SOURCES, CYCLING, AND RESIDENCE TIMES OF SULFUR IN AN ALPINE BASIN IN THE COLORADO ROCKY MOUNTAINS BASED ON d34SSO4, d18OSO4, AND 35SSO4

d³⁴S_SO4, d¹⁸O_SO4, ³⁵S_SO4 and solute chemistry were measured in rain, snow, spring water, and stream water in Loch Vale, an alpine basin in the Colorado Rocky Mountains, during 1999 to investigate sources, cycling, and residence times of sulfur (S).  The primary source of S in Loch Vale and many other high-elevation, granitic basins in the Rocky Mountains is atmospheric deposition of SO₄.  Sulfur mass balance calculations for Loch Vale indicate that S exports exceed S inputs by 20 to 50%, suggesting that sources of S other than atmospheric deposition contribute to stream fluxes of SO₄.  Pyrite occurs in the bedrock in trace quantities, however, only one specimen has been found in Loch Vale during two decades of study.  Another possible source of the “excess” S is a net export of S stored in soils and wetland peat that may have accumulated when SO₄ deposition was higher (1960s – 80s) or under different climate conditions.

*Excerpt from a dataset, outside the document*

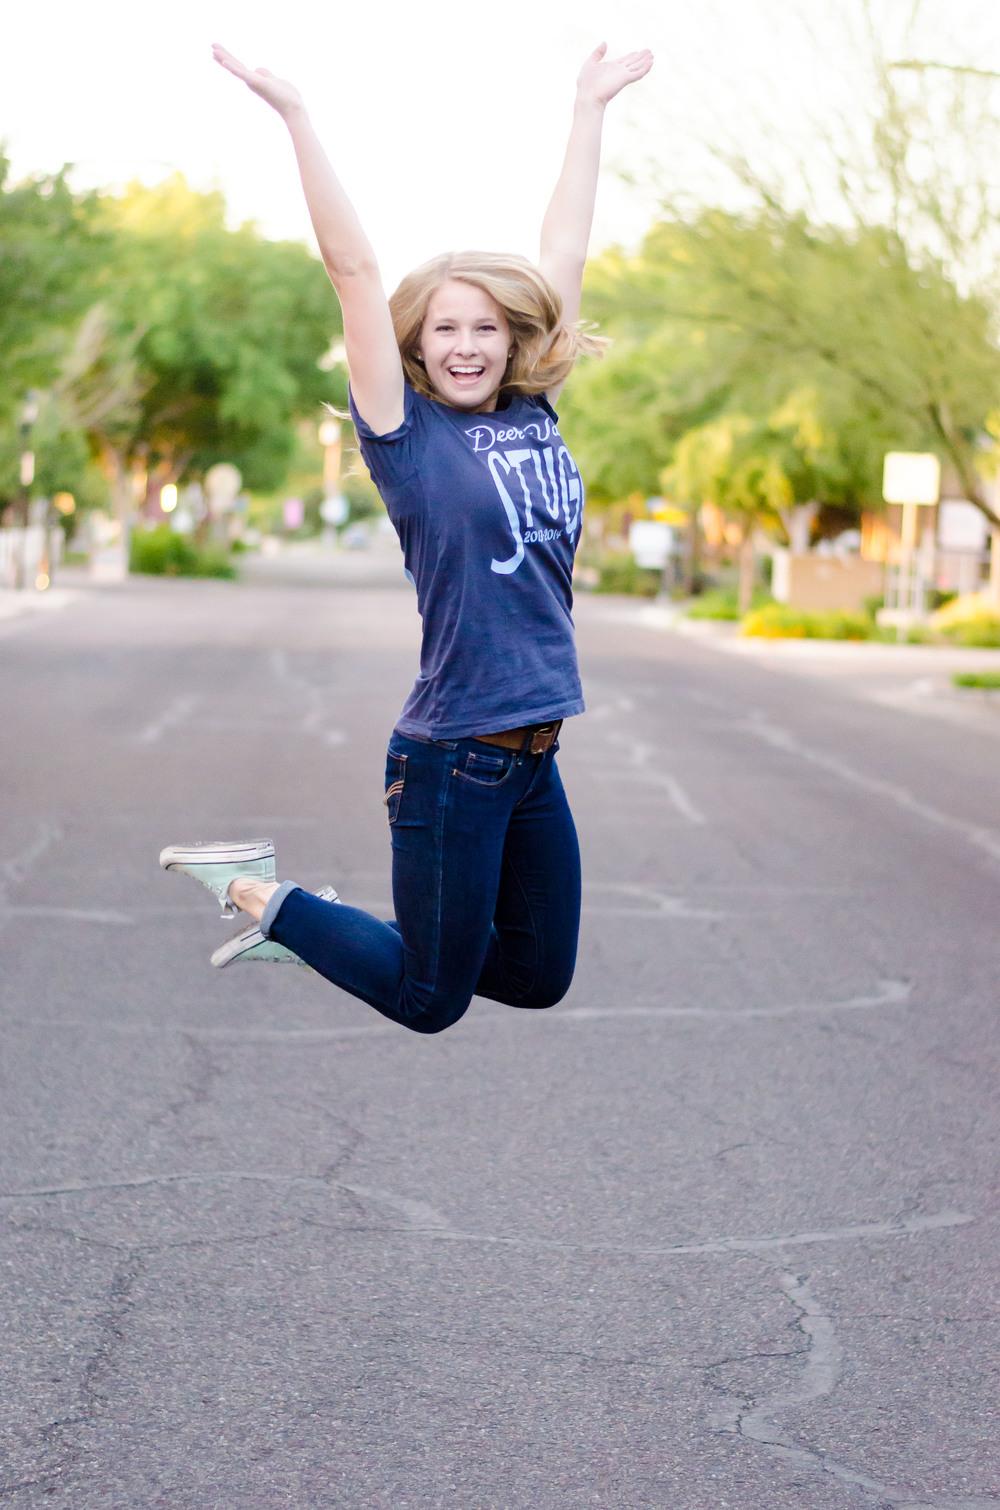 glendale arizona family photographer -03952015.jpg

d³⁴S_SO4 was used in a binary mixing equation to quantify the proportion of S in spring and stream water derived from atmospheric deposition and from terrestrial sources.  The average d³⁴S_SO4 of precipitation in Loch Vale is 5.6±1.0‰ (n=15).  d³⁴S_SO4 was regressed against 1/SO₄ and the y-intercept was taken to represent the d³⁴S_SO4 of pyrite.  Results indicated that 62±16% of annual SO₄ flux in the spring and 42±7% of annual SO₄ flux in the stream were derived from atmospheric deposition.  Regression equations for the spring and stream had y-intercepts of 1.5 and –1.5, respectively.  The difference in y-intercepts could be due to differences in d³⁴S_SO4 of pyrite in the stream and spring basins, or to differences in the importance of biologically-mediated S cycling.

The d¹⁸O_SO4 of spring and stream waters (-5.0 to 2.1) were substantially lighter than that of atmospheric deposition (13±1‰), consistent with the hypothesis that atmospherically deposited SO₄ is biologically cycled and/or mixed with S from mineral weathering.  Radiogenic ³⁵S_SO4, which is deposited from the atmosphere and has a half-life of 87 days, was used to calculate the fraction of “new” SO₄ in spring and stream water.  Results indicated that “new” SO₄ accounted for 28±7% and 32±8% of annual flux in the spring and stream, respectively.  Comparison with d³⁴S_SO4 results indicates much of the atmospherically-deposited SO₄ is stored in the watershed for more than one year.